Science & Culture

Elizabeth of Hungary

Elizabeth of Hungary (July 7, 1207–November 17, 1231) was born to Hungary’s King Andrew II and Gertrude of Merania on July 7, 1207. She married Ludwig IV, landgrave (the equivalent title to count) of Thuringia, at the age of 14. Although the marriage had been arranged for political purposes, the two were devoted to one another and had three children (Herman II, Sophia, and Gertrude). Elizabeth was noted for her generous spirit and, concerned for the relief of the poor and the sick, she used her sizable dowry to help them. Her husband, who was also generous, supported her giving nature. Despite being widowed at 20, she continued her commitment to the less fortunate, giving up her wealth and personally caring for the sick and poor. After her death at only 24, she became a symbol of Christian charity.

In 1221 the followers of Francis of Assisi established their first permanent settlement in Germany. Brother Rodeger, one of the first Germans received into the Order, was Elizabeth’s spiritual instructor at Wartburg. His teachings appealed to her giving nature. In 1225 Elizabeth helped the Franciscans start a monastery at Eisenach.

Germany’s Emperor Frederick II often sent Ludwig to deal with affairs of the emperor and the empire. While Ludwig was away from Thuringia, Elizabeth was in charge. During a famine and epidemic in 1226, she sold her jewels, opened the royal granaries to feed the hungry, built a 28-bed hospital near Wartburg, and personally tended to the daily needs of the sick. At the same time, she helped 900 poor people daily. Ludwig returned later that year to confirm everything Elizabeth had done. The following year he was sent on a crusade and died of an illness while away from Thuringia. When Elizabeth learned the news, weeks after Gertrude's birth, she said, “The world with all its joys is now dead to me.”

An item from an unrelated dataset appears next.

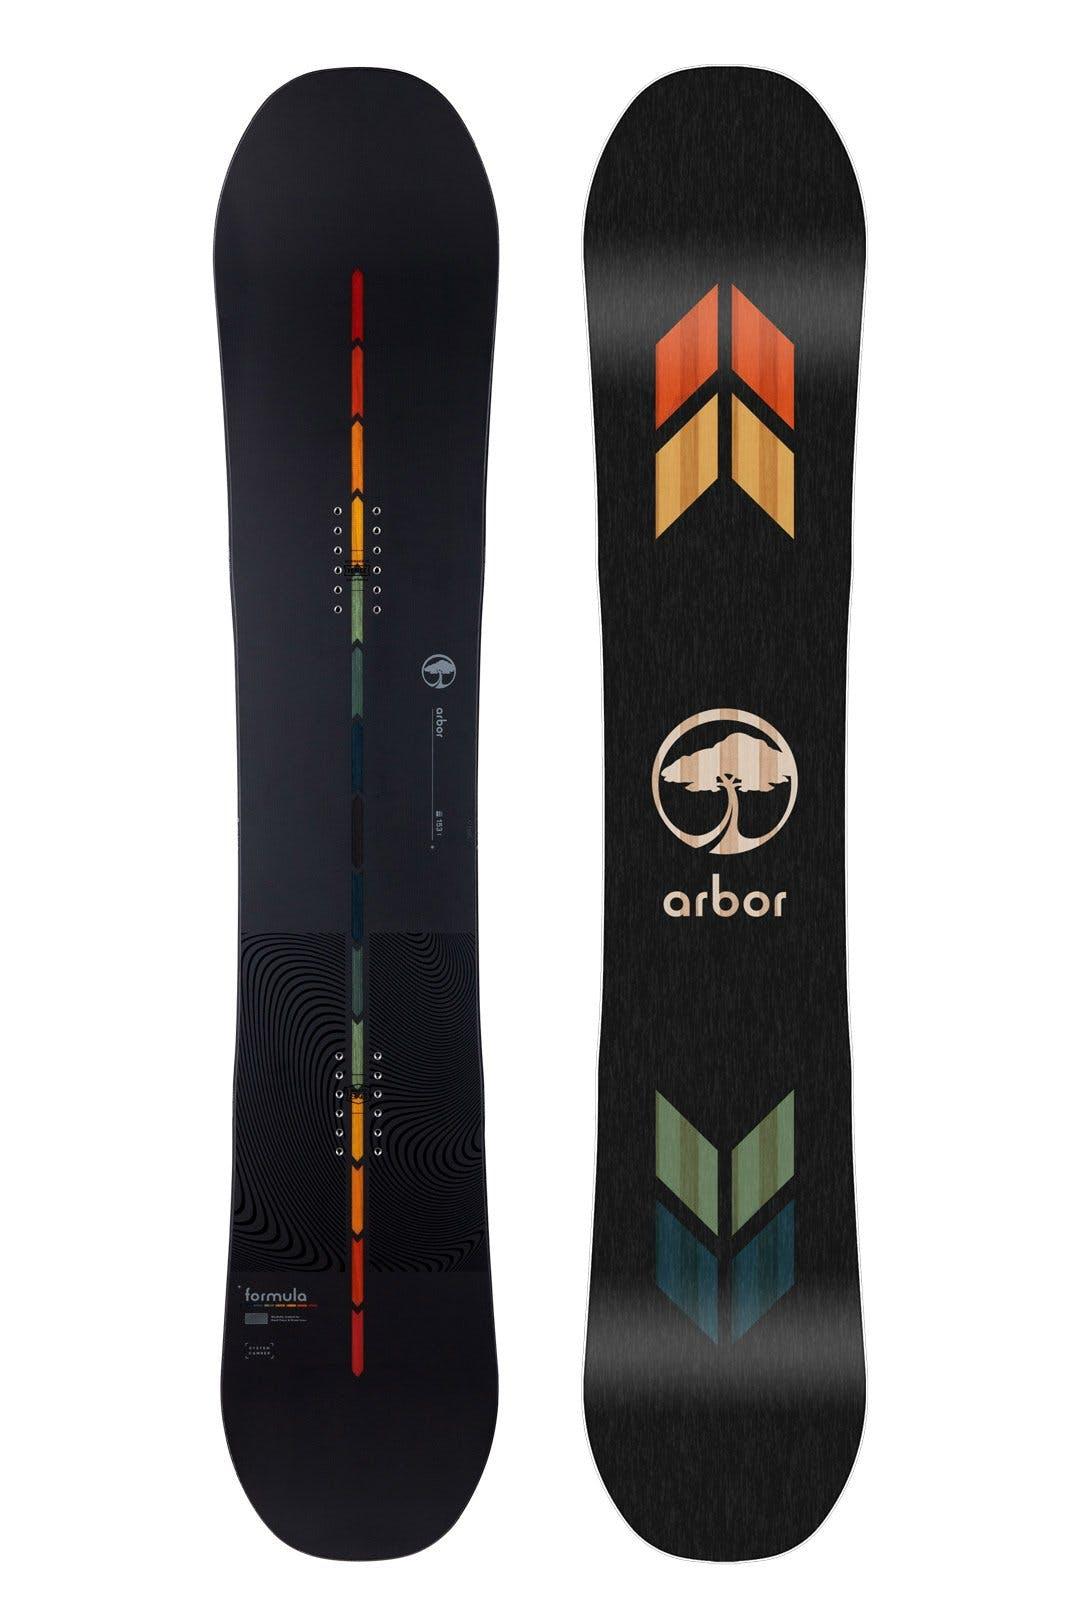 Arbor Formula Camber Snowboard · 2022

Elizabeth’s in-laws, who opposed her "extravagances," expelled her from Wartburg after Ludwig's death. Finally an arrangement was negotiated with them that gave her a stipend. On Good Friday 1228 Elizabeth and her maids received the dress of the Third Order of St Francis in the monastery she’d helped establish, and they became the first tertiaries (lay associates) in Germany. That summer she built the Franciscan hospital at Marburg and spent the rest of her life caring for the sick and the poor. She sewed garments to clothe the needy and went fishing to feed them.

She died November 17, 1231, and shortly thereafter miracles began to take place at her shrine. She was canonized at Pentecost (28 May) in 1235.

In Germany, Elizabeth's husband is often referred to as "Saint Ludwig" in recognition of his pious life and the support he showed for his wife's charity and devotion. (Ludwig is translated to Louis in French and English.)

Elizabeth of Hungary and Louis IX, King of France, are the patron saints of the Secular Franciscan Order (SF0).